E como seria uma alimentação que, ao contrário, fortalece a nossa saúde, a saúde da nossa comunidade e dos nossos territórios? Não precisa ir muito longe, nossa cultura alimentar ancestral pode nos servir de guia aqui. A comida que vem da terra, produzida sem veneno e sem exploração, fortalece o corpo e a luta. Aqui vão algumas dicas práticas pra te ajudar a prevenir o diabetes, e outras doenças crônicas não transmissíveis, e preservar a sua saúde, ao mesmo tempo em que nos conectam com nossas raízes e honram nossa alimentação ancestral.
1- Coma verduras e frutas em todas as refeições (Celebre a abundância que a natureza oferece e a diversidade alimentar dos nossos territórios!)
2- Coma feijão todos os dias (Ele dá sustância – é rico em proteína, enquanto protege a saúde – tem pouca gordura e é uma excelente fonte de fibras)
3- Elimine os ultraprocessados da sua vida (Uma recomendação do Guia Alimentar para a População Brasileira)
4- Se for consumir animais, deixe pra fazer em ocasiões especiais (Comer carne ou frango todo dia é um hábito recente na história da humanidade e estamos pagando caro as consequências dessa mudança)
5- Movimente o corpo todos os dias (Exercício físico – que pode ser uma caminhada pra visitar compas que vivem no nosso território- melhora o funcionamento do metabolismo e diminui a resistência à insulina)
Se você tem diabetes, procure tratamento médico, mas não deixe de seguir os conselhos acima. Achar que tudo vai se resolver apenas com remédio é tratar as consequências e ignorar as causas. E a gente sabe o que acontece quando varremos um problema pra debaixo do tapete, não é? Uma pessoa diabética que continua comendo o que favorece a doença, e não a saúde, está se auto-sabotando. E isso é tudo que a indústria farmacêutica quer, pra vender cada vez mais remédio, enquanto a população fica cada vez mais doente.
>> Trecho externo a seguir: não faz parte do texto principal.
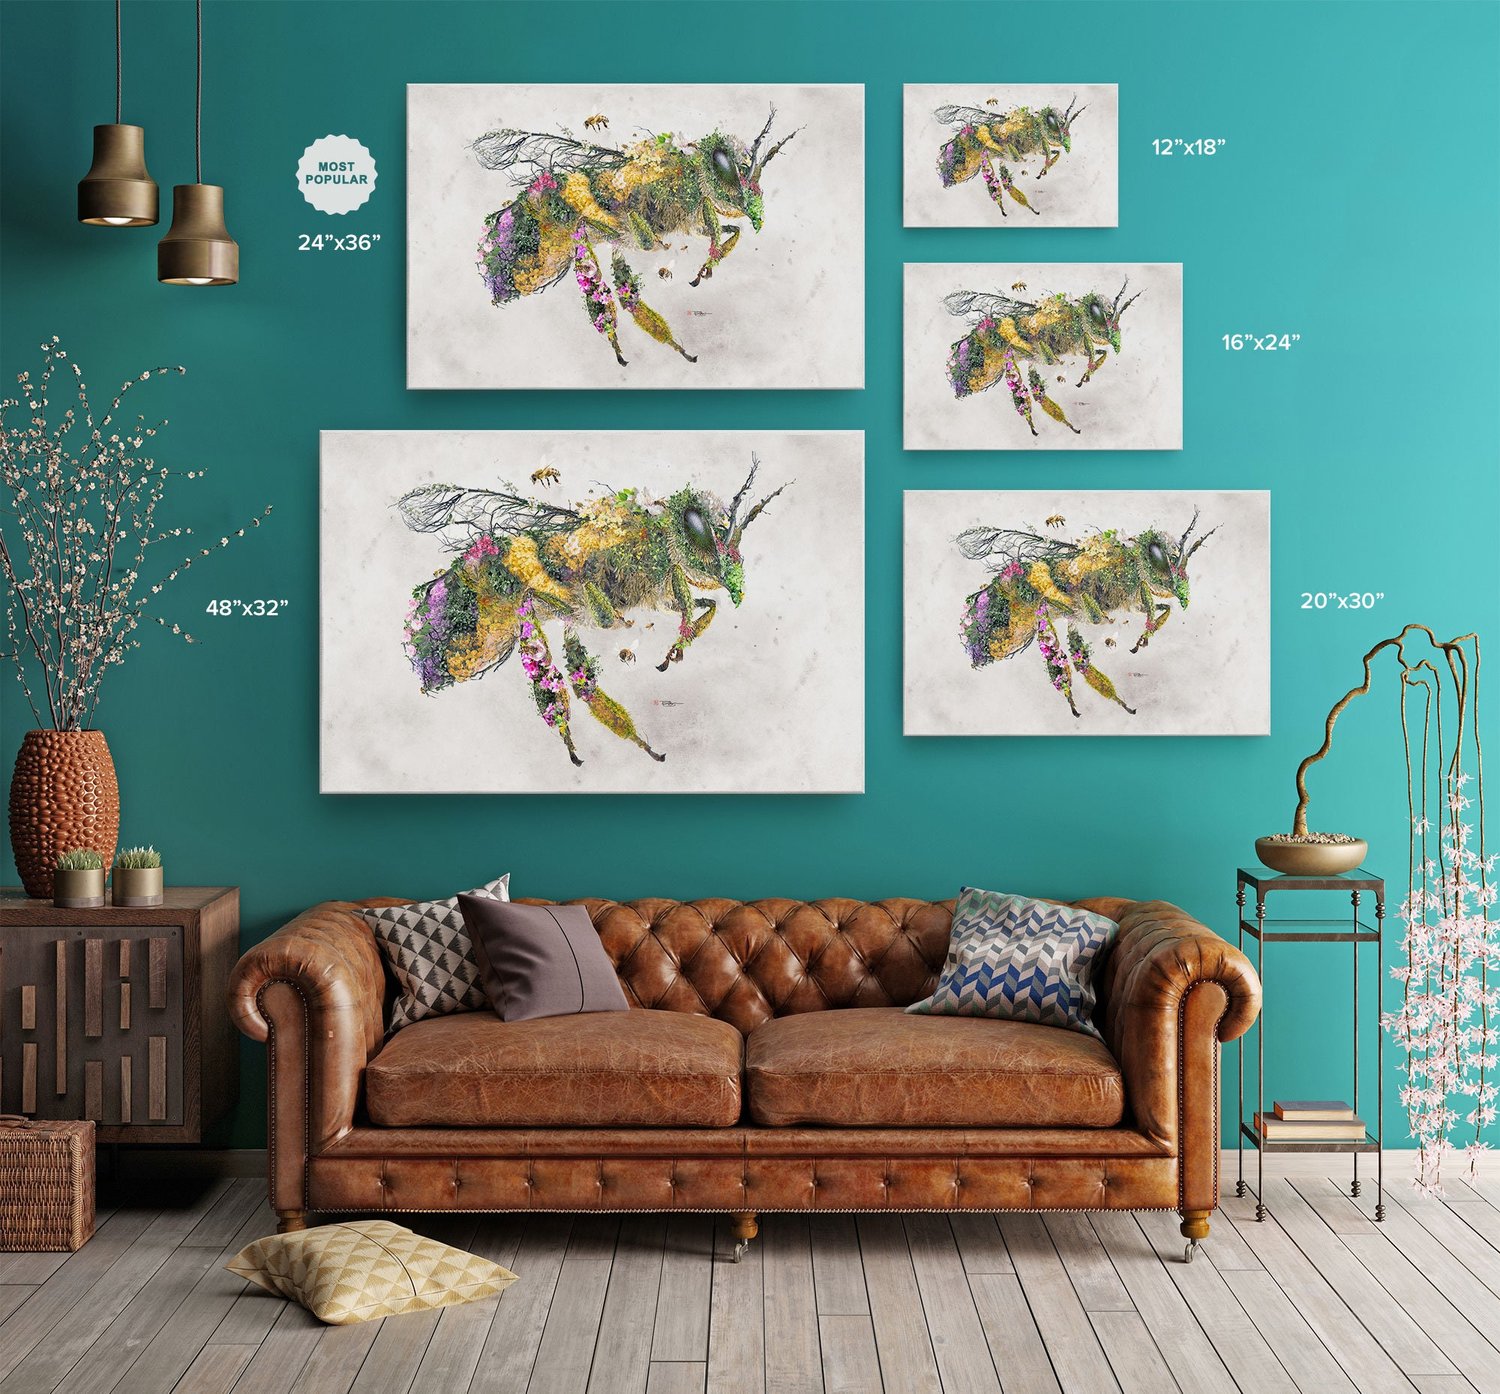 Bee Happy | Large Solid-Faced Canvas Wall Art Print | Great Big Canvas

Gostaríamos de terminar essa conversa fazendo um chamado. Que nas nossas celebrações, festas, reuniões, encontros, a gente ofereça comida que promova a saúde. Comida produzida por guardiãs e guardiões dos territórios, ao invés de comida produzida por empresas capitalistas ecocidas. Celebremos com comida à base de milho, de mandioca, com feijão, com os frutos das nossas matas e das nossas palmeiras. Criar o hábito de associar festa e alegria com comida que nutre o corpo vai ser um passo importante no fortalecimento da resistência.
Lutar por festa e trabalho se torna difícil quando o pão está nos envenenando.
(Esse texto foi escrito de maneira colaborativa por uma cozinheira, uma nutricionista, uma dentista e um médico. Nós fazemos parte da UVA – União Vegana de Ativismo e nos interessamos por saúde coletiva.)
*O título, assim como a inspiração pra escrever essa série, vieram do livro do ativista e médico Eneko Landaburu “Cuidate, compa! Manual para la autogestion de la salud”.